La cour d'appel fédérale de Washington a décidé vendredi que les détenus de la prison de Bagram en Afghanistan n'avaient pas accès aux tribunaux fédéraux américains pour contester leur détention au civil, comme peuvent le faire les détenus de Guantanamo.

Dans une décision unanime des trois juges qui avaient examiné l'affaire en janvier, la cour a renversé le jugement de première instance autorisant les détenus de Bagram non afghans ou n'ayant pas été arrêtés en Afghanistan à saisir la justice américaine pour qu'elle examine le bien-fondé de leur détention.

Tout prisonnier a droit, selon le droit américain, à contester sa détention en vertu de la procédure au civil appelée Habeas corpus et fondatrice du droit anglo-saxon. La Cour suprême a étendu ce droit en 2008 aux détenus de Guantanamo, dont plusieurs dizaines ont depuis été déclarés libérables par des tribunaux fédéraux.

Très sensible au moment où les États-Unis sont en train de transférer l'autorité de la prison de Bagram au gouvernement afghan, la question devrait atterrir dans les prochains mois sur le bureau des neuf juges de la Cour suprême.
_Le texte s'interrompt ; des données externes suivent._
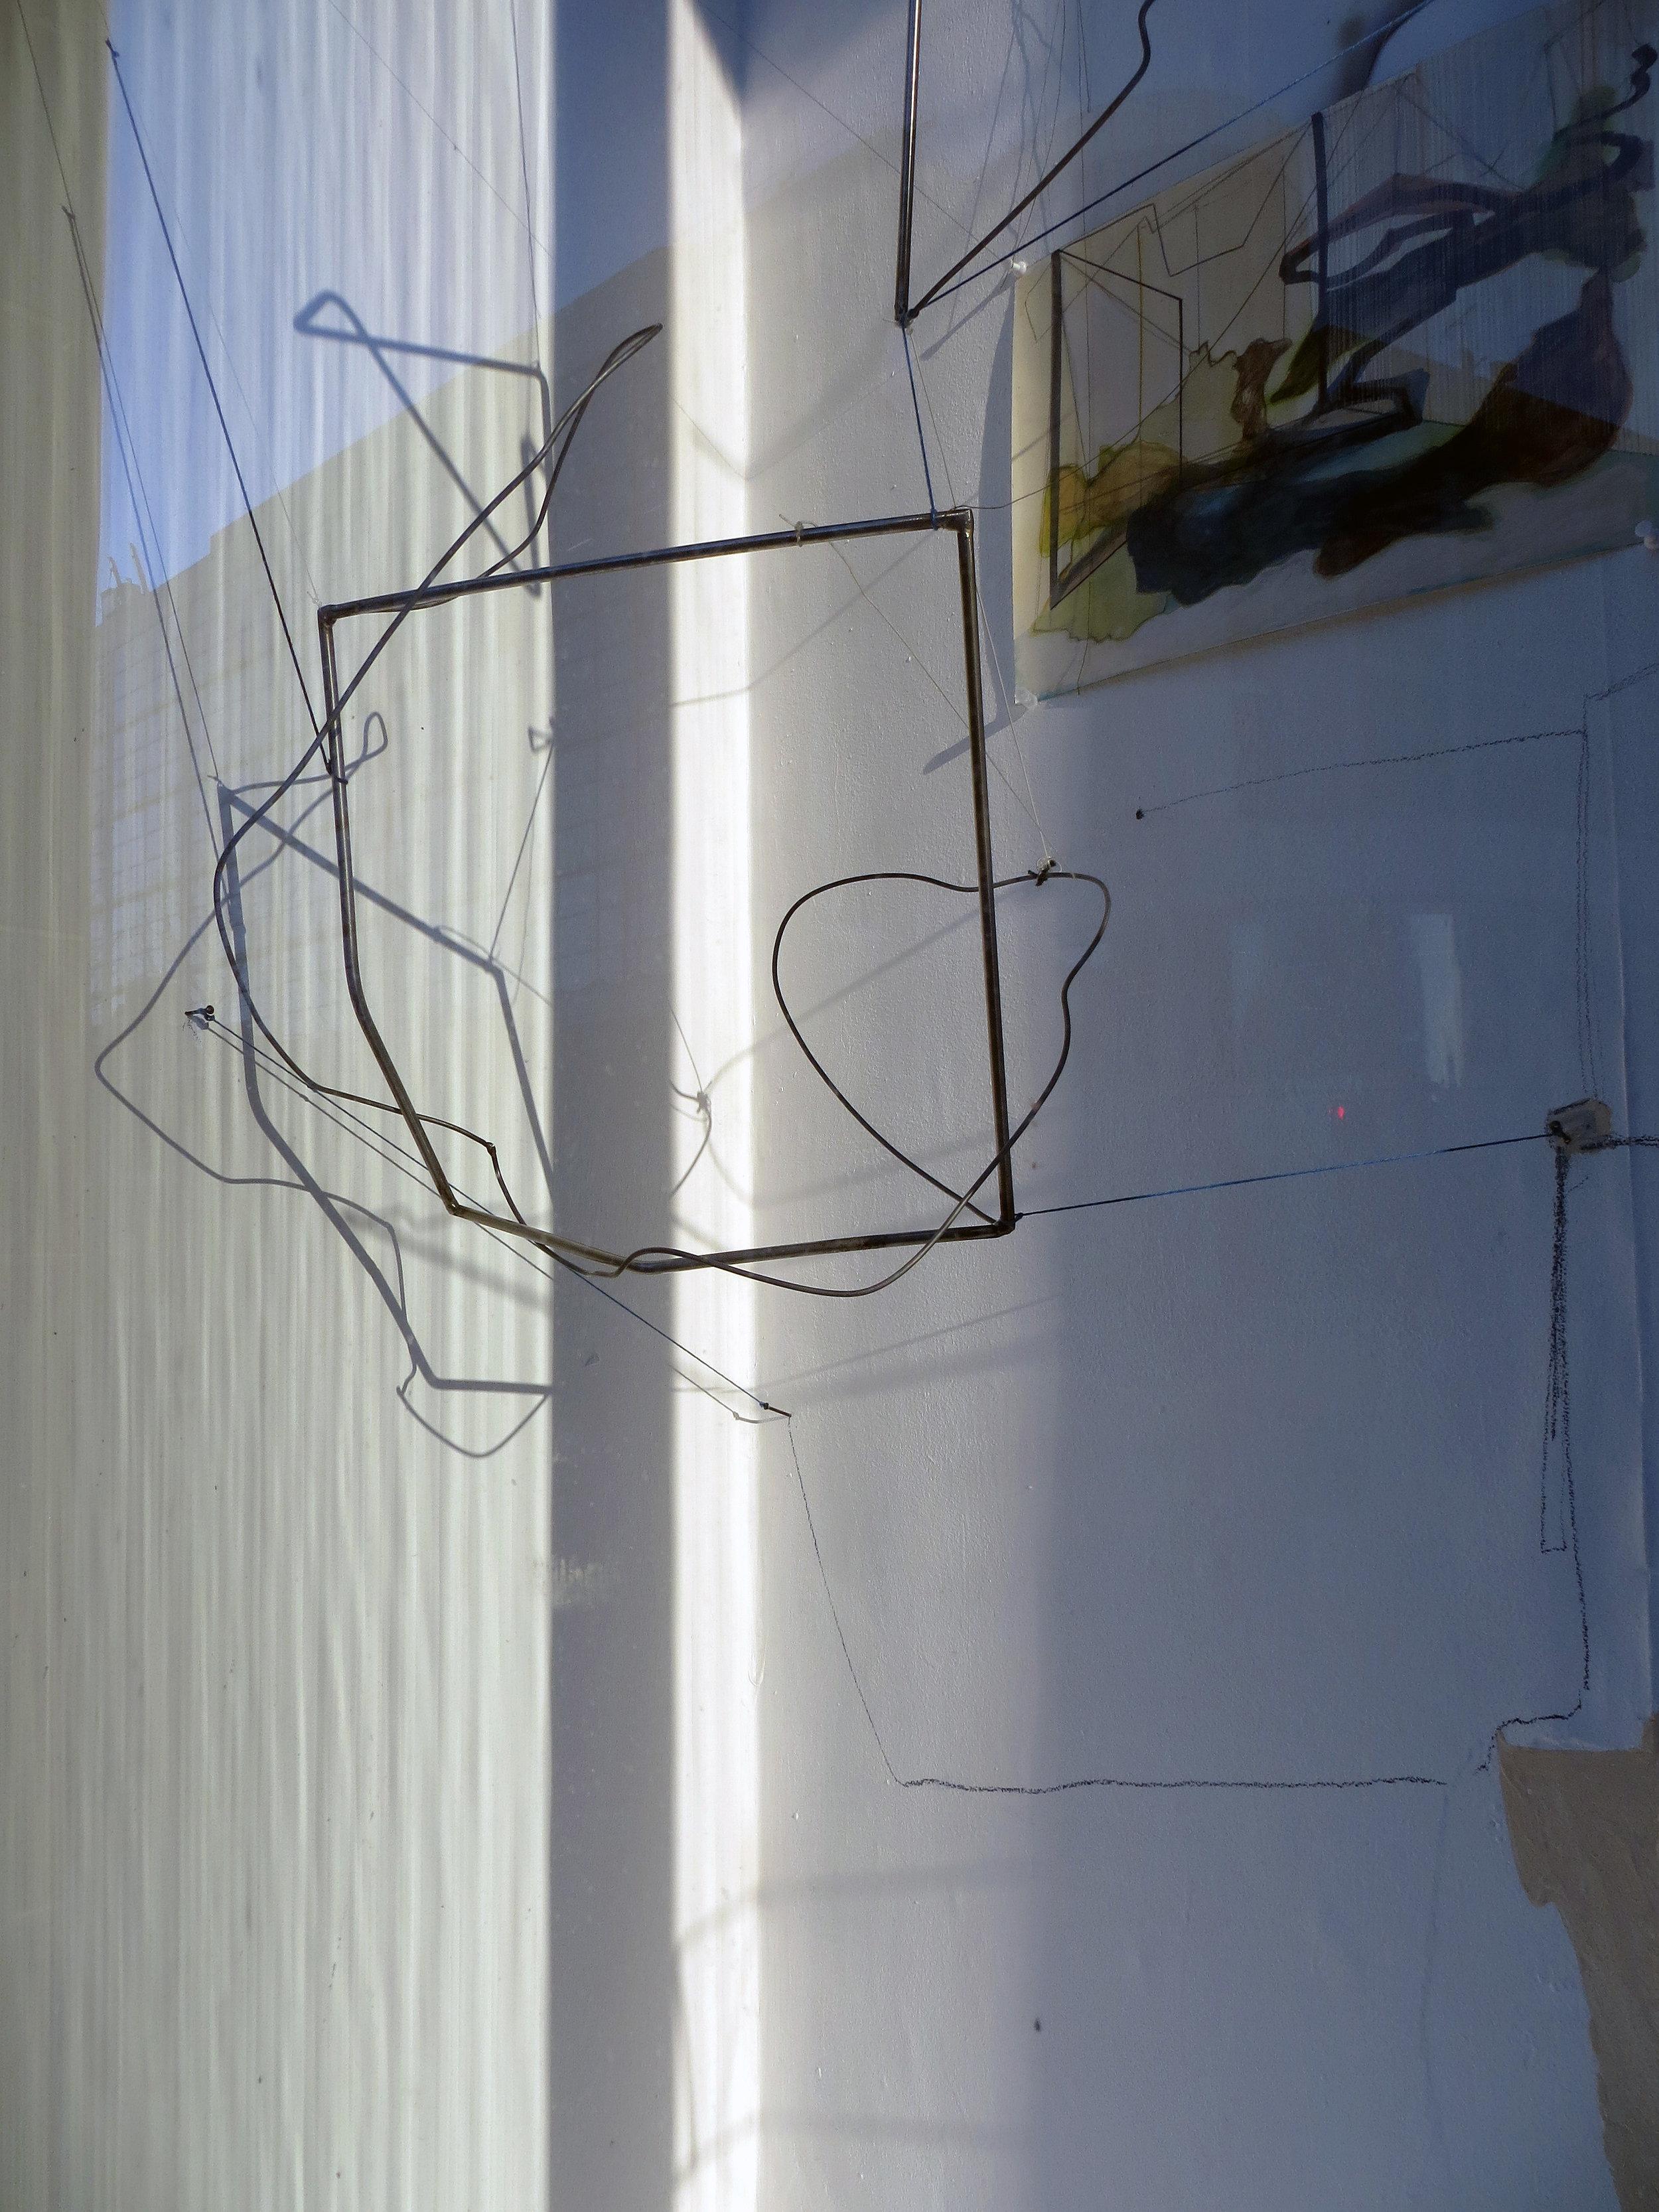 anna lytridou_window detail.jpg

L'argument principal développé par la cour pour débouter les deux détenus yéménites et le Tunisien qui avaient fait appel est que la situation de la prison située sur la base militaire américaine de Bagram à 50 km au nord de Kaboul est fondamentalement différente de celle de la base navale de Guantanamo à Cuba.

Certes, les deux font l'objet d'un bail de location mais, affirme la cour, «les États-Unis ont maintenu leur souveraineté sur la base navale de Guantanamo depuis plus d'un siècle (...), à Bagram, il n'y a aucune indication qu'ils aient l'intention de s'y établir de manière permanente».

Les magistrats ancrent leur position dans une différence de taille: Bagram est situé sur le champ de bataille, au coeur de la guerre, quand Guantanamo ne l'est pas.

En réponse aux détracteurs de l'État fédéral américain assurant que l'administration Bush, puis Obama, a commencé à transférer des prisonniers à Bagram lorsqu'il s'est avéré qu'il n'était plus possible de le faire à Guantanamo, les juges estiment que «ce n'est pas étayé par des preuves, ce n'est pas étayé par la raison».

Ils rappellent en outre que «le centre de détention (de Bagram) est sous l'autorité d'un autre pays, ce qui créé en soi des difficultés pratiques».

«Sans pouvoir certifier que donner des droits constitutionnels aux détenus de Bagram risque de gêner la relation (des États-Unis avec le gouvernement afghan), nous ne pouvons pas non plus savoir avec certitude qu'elle serait la réaction de l'Afghanistan», conclut-elle.

Environ 675 prisonniers sont actuellement enfermés sur la base militaire américaine de Bagram, dans des bâtiments flambant neufs qui ont coûté 67 millions de dollars. Parallèlement à son action devant les tribunaux, l'administration Obama a annoncé en septembre 2009 que les détenus disposeraient du droit de contester leur détention devant un conseil militaire chargé du réexamen de leur situation.